Into this wades Open Windows, a thriller that aims to take a shot at all of these things and more. Directed by Nacho Vigalondo, it follows Nick Chambers (Elijah Wood), a fan who has won a competition to meet his favourite actress: Jill Goddard (Sasha Grey). When she apparently calls the whole thing off, though, he’s offered the chance to see her another way: by hacking into her phone and spying on her. That offer comes from an anonymous man on the phone, who sends a link to his laptop (note to those at home: never click on a link that magically appears on your laptop).

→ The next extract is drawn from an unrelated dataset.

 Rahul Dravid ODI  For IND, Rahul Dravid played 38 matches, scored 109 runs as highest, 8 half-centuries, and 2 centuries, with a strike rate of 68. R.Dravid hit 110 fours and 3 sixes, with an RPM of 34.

Clicking on it takes Nick into the seedy world of… well, the Internet. Ordered about by the voice on the phone, he finds himself in a game of cat and mouse. Presuming the cat is nasty piece of misogynist filth and the mouse has a really good broadband connection.

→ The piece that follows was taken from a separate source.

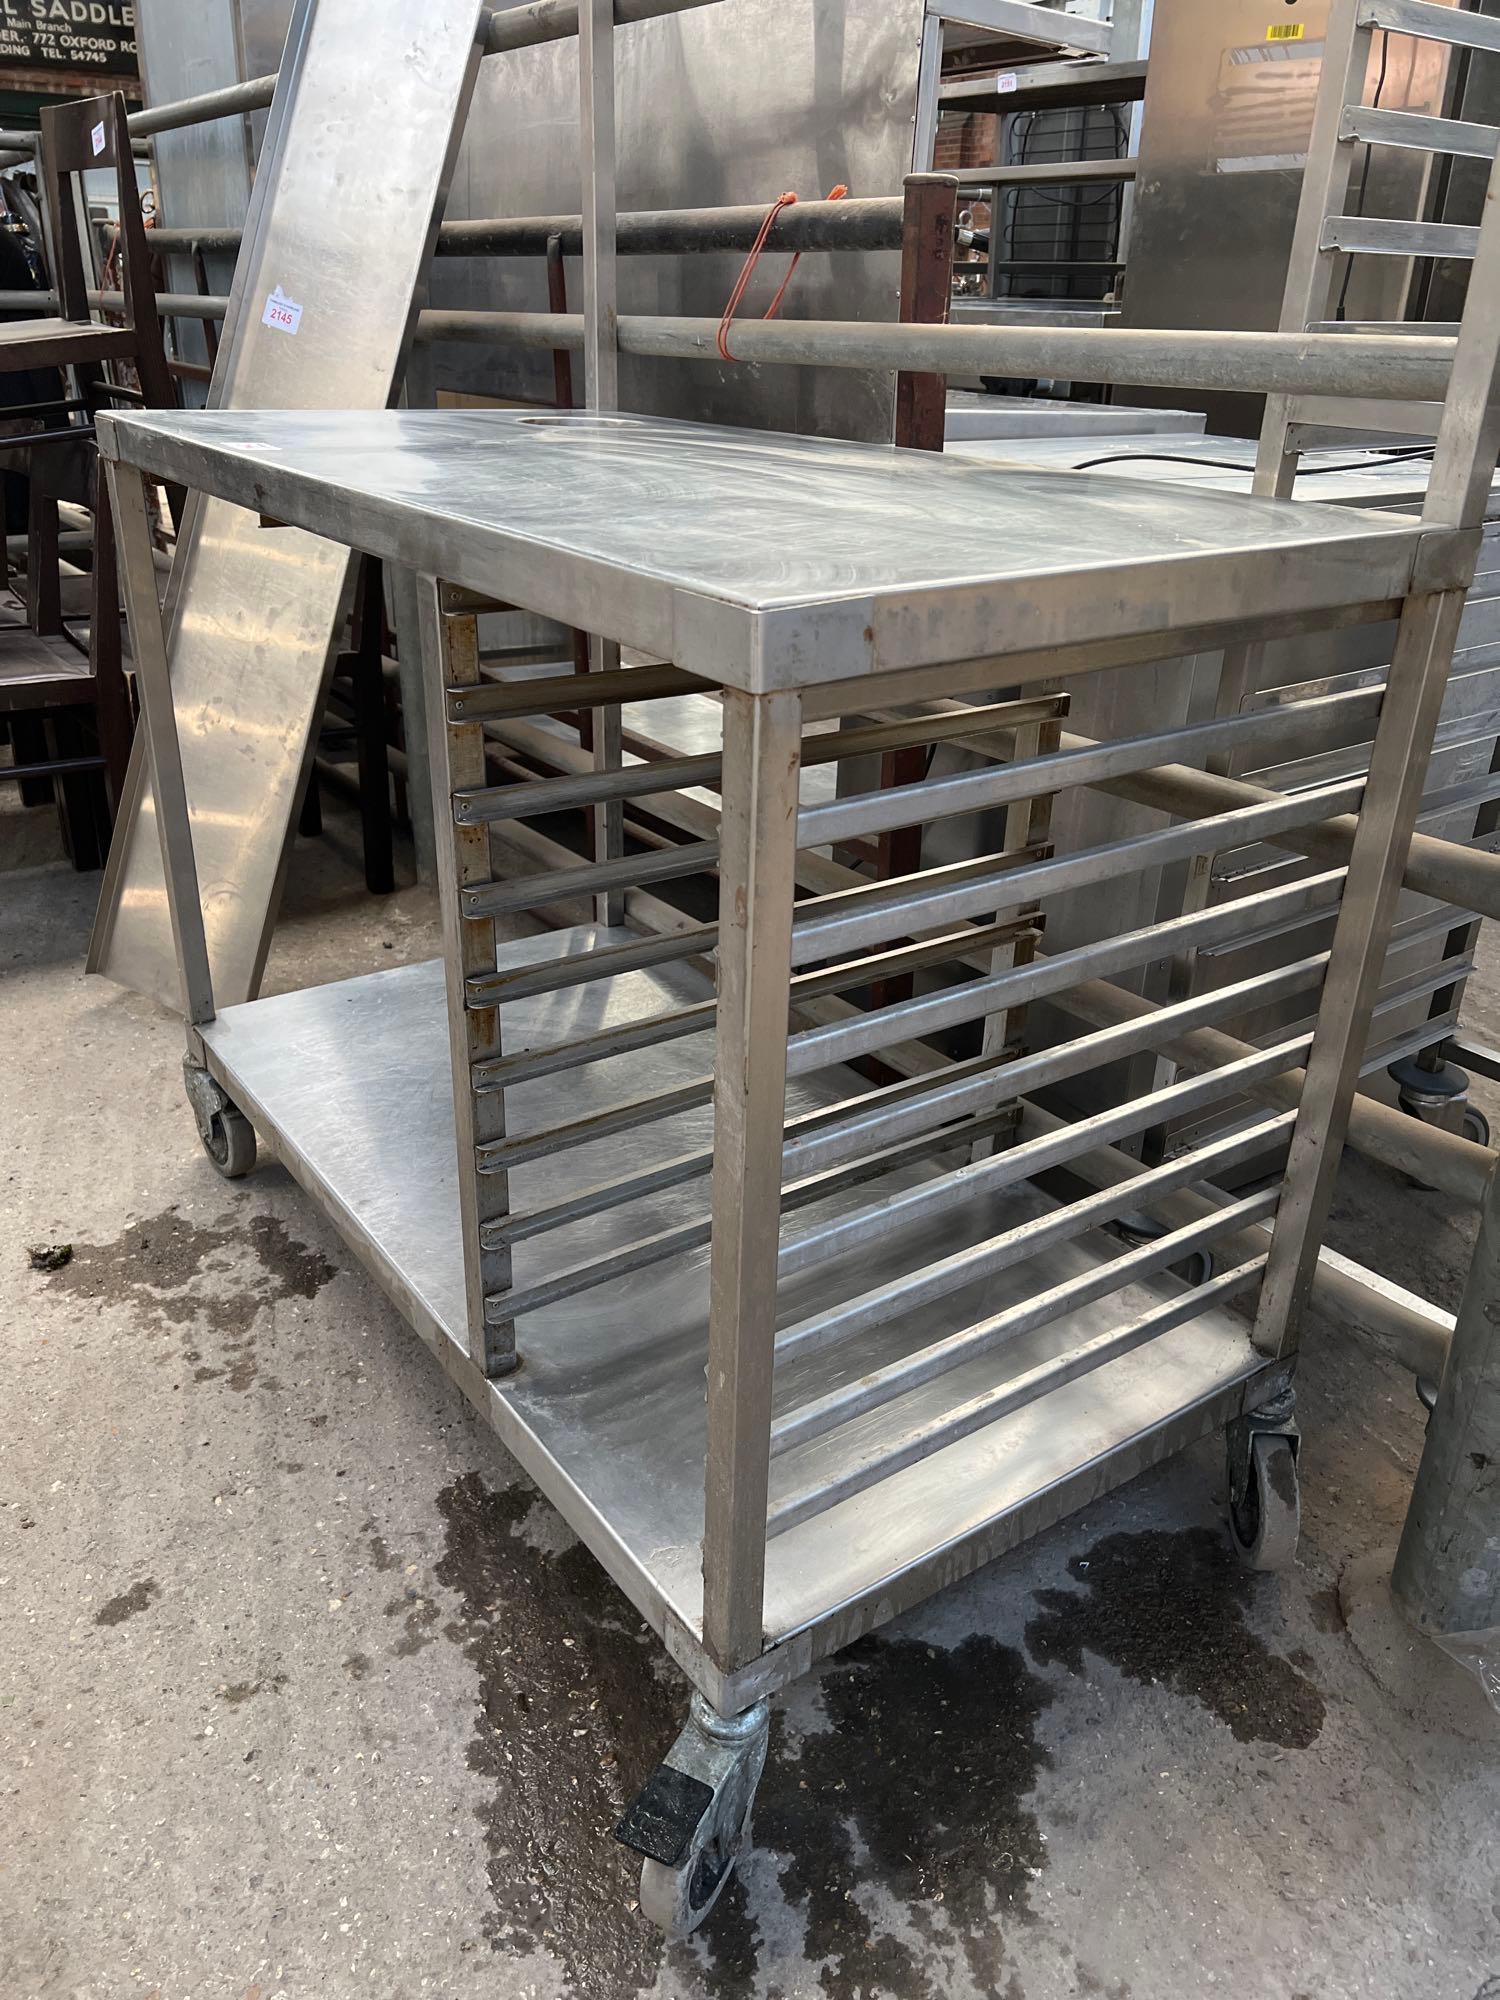 Moffat mobile stainless steel counter table with over shelf - Image 2 of 3

As the title suggests, the action all takes place within open windows on Nick’s monitor. It’s a novel piece of presentation and – despite a tendency to zoom in and out for his own ends – Nacho nails the simultaneous sense of urgency that looking at 10 things at once on your computer brings. Even the introduction of phone cameras and pinball cameras to allow events to leave the hotel room is appealingly imaginative.
But that sense of chaos extends to the narrative too: desperate to keep things going just another minute longer, the script descends into a string of increasingly illogical twists; a heap of contrived silliness that hopes things will keep moving fast enough to stop anyone noticing. But slow it all down and Open Windows becomes far more troubling: plot holes are more profilic than pre-installed AOL software on a PC in the 1990s and, more worrying, Grey’s female target is revealed as a wafer-thin figure to be ogled and bullied. Elijah Wood delivers a solid performance – along with last year’s Grand Piano, he’s becoming the Tom Cruise of remote-controlled blackmail – but Without sympathy for our main protagonist either, the shallow objectifying becomes more obvious.

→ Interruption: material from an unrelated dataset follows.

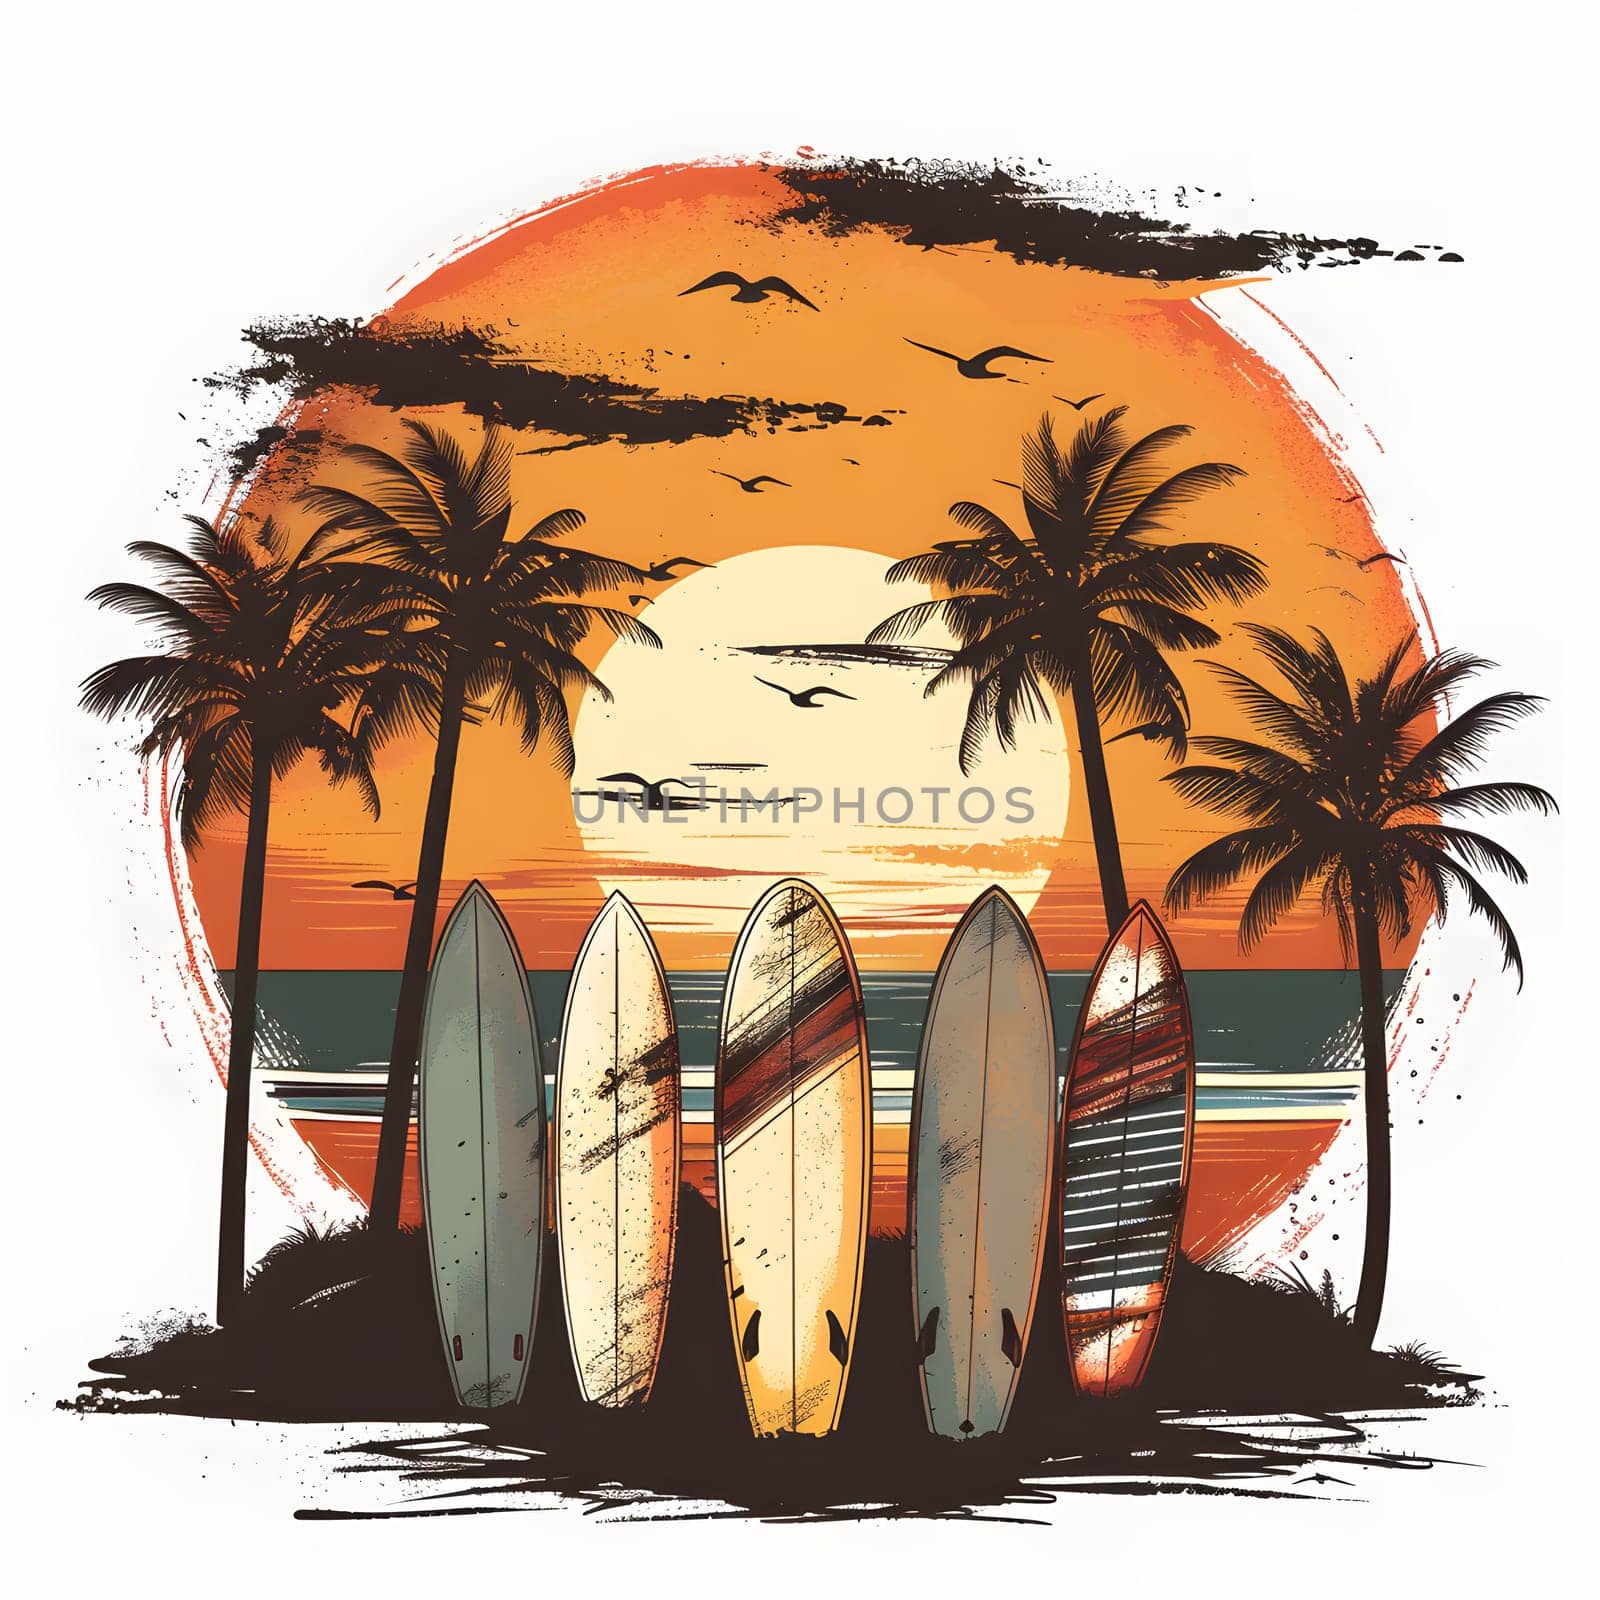 Artistic landscape featuring palm trees, surfboards, and a sunset by Nadtochiy

On the surface, the film is frenetic fun that promises to provide an insightful message about the state of the web today, particularly in terms of women and celebrities. The horror genre’s male-gazing traditions make it an even more intriguing prospect. But Open Windows wants to have its cake and eat it, turning from a spiked commentary on sexist fanboy behaviour into just another example of it. The Internet is not always a nice place. For all its innovation, Open Windows fits right in.